Exklusiv: iPhone 7s wird dicker, hat aber kleineren Kamerabuckel

Sebastian Trepesch
1

Apple soll das Gehäuse des iPhone 7s in einem anderen Material fertigen als den Vorgänger iPhone 7. Stellt sich die Frage: Bleiben die Maße identisch? Nein: Informationen, die uns zugespielt wurden, zeigen ein dickeres Gehäuse – aber auch einen kleineren Kamerabuckel.

iphone-7s-masse-skizze

Es wird wohl minimal höher, minimal dicker und minimal breiter: Die uns aus einer glaubwürdigen Quelle zugespielte Schemazeichnung oben zeigen das neue iPhone 7s im Vergleich zum iPhone 7. Das Bild lässt erkennen, dass der Nachfolger des aktuellen Modells um zwei bis drei Haaresbreiten zulegt. Die genauen Maße (die offiziellen Angaben von Apple sind normalerweise auf eine Nachkommastelle gerundet):

  • iPhone 7: 138,31 x 67,14 x 7,1 Millimeter
  • iPhone 7s: 138,44 x 67,27 x 7,21 Millimeter

Schuld daran trägt vermutlich das neue Material des iPhone 7s: Laut diverser Gerüchte und Insider-Informationen aus den letzten Wochen wird das neue Modell ein Gehäuse aus Glas, statt wie bisher aus Aluminium, bekommen. Damit verschwinden könnten nicht nur die Antennenbänder verschwinden, sondern auch kabelloses Laden ermöglicht werden.

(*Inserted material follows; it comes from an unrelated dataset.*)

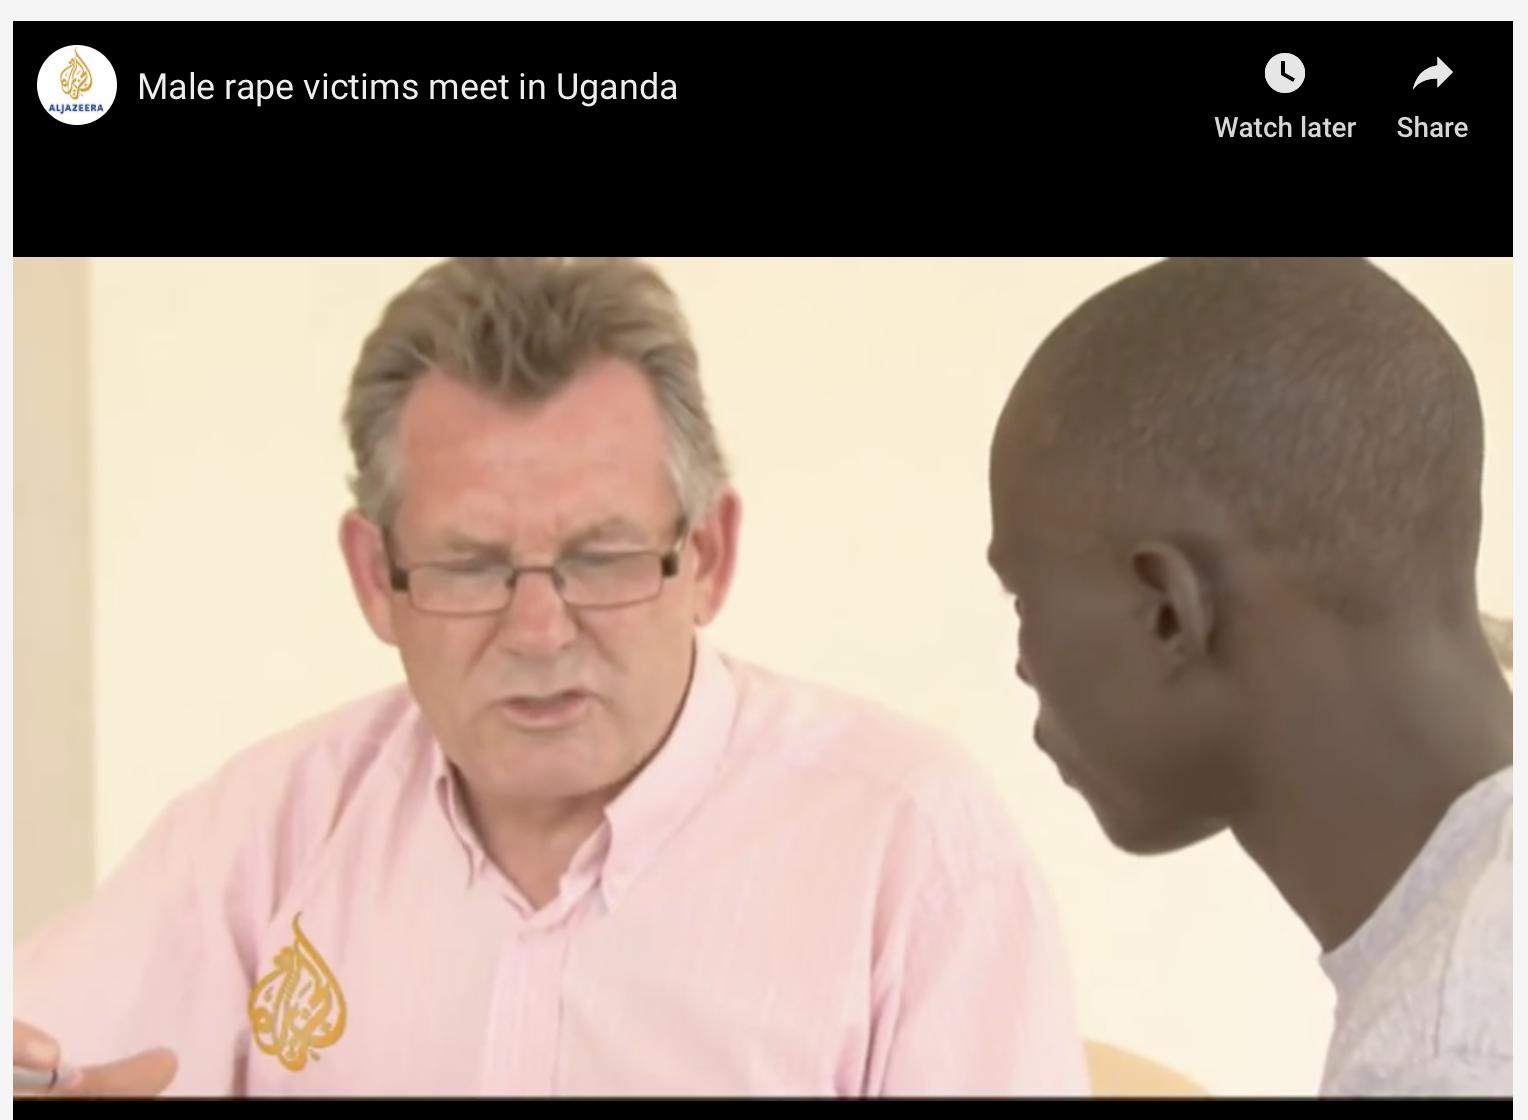 Male Rape Victims Meet in Kampala

Derartige Größenanpassungen nimmt Apple nicht das erste Mal bei einem als identisch geltenden Gehäuse vor: Schon mit dem iPhone 6s wuchs das Gehäuse um Bruchteile von Millimetern:

  • iPhone 6: 138,1 x 67,0 x 6,9 Millimeter
  • iPhone 6s: 138,3 x 67,1 x 7,1 Millimeter

Im Alltag stört das zwar nicht, der Unterschied ist aber für perfekt zugeschnittene iPhone-Cases relevant: Viele Cases für das iPhone 6 passen nicht optimal auf das iPhone 6s. Ähnliches erwarten wir auch beim iPhone 7s.

Kamerabuckel des iPhone 7s wird kleiner

Die Schemazeichnung verrät eine weitere äußerliche Änderung: Der Kamerabuckel wird deutlich kleiner, die Dicke des iPhones auf Höhe der Linse sinkt von 8,18 Millimeter auf 7,92 Millimeter. Berücksichtigt man das dickere Gehäuse, steht die Kamera bei dem iPhone 7s nur noch 0,71 Millimeter statt 1,08 Millimeter aus dem Gehäuse heraus. Damit schwächt Apple einen der größten Kritikpunkte an den zwei iPhone-Vorgängergenerationen ab.

Ob das Kameradesign des neuen Smartphones dem des iPhone 7 mit der sanft abfallenden Linie, die nahtlos ins Gehäuse integriert ist, entspricht oder doch eher früheren iPhones und dem neuen iPad Pro 10,5 gleicht, ist in der Skizze schwer zu erkennen. Schon das Material deutet aber eher auf letzteres hin, denn Glas ist erheblich schwerer in Form zu bringen als Aluminium. Die Linse ist also wahrscheinlich wieder in einem aufgesetzten Ring integriert.

Die Schemazeichnung von iPhone 7 und iPhone 7s haben wir über den  aus dem Umfeld des iPhone-Fabrikanten Foxconn aus China bekommen. Aus dieser Quelle stammt auch der kürzlich vorgestellte Dummy des iPhone 8, hier im Video und in Bildern:

280.124
iPhone-8-Dummy im Hands-On
iPhone-8-Modell in unseren Händen: So sieht es aus

Mitte September wird Apple – so die Gerüchte – drei iPhones vorstellen: iPhone 7s und iPhone 7s Plus als direkte Nachfolger der aktuellen Modelle. Highlight soll aber das iPhone 8 (oder Apple Phone oder ein ähnlicher Name) werden – mit großem Display und fast randlosem Design.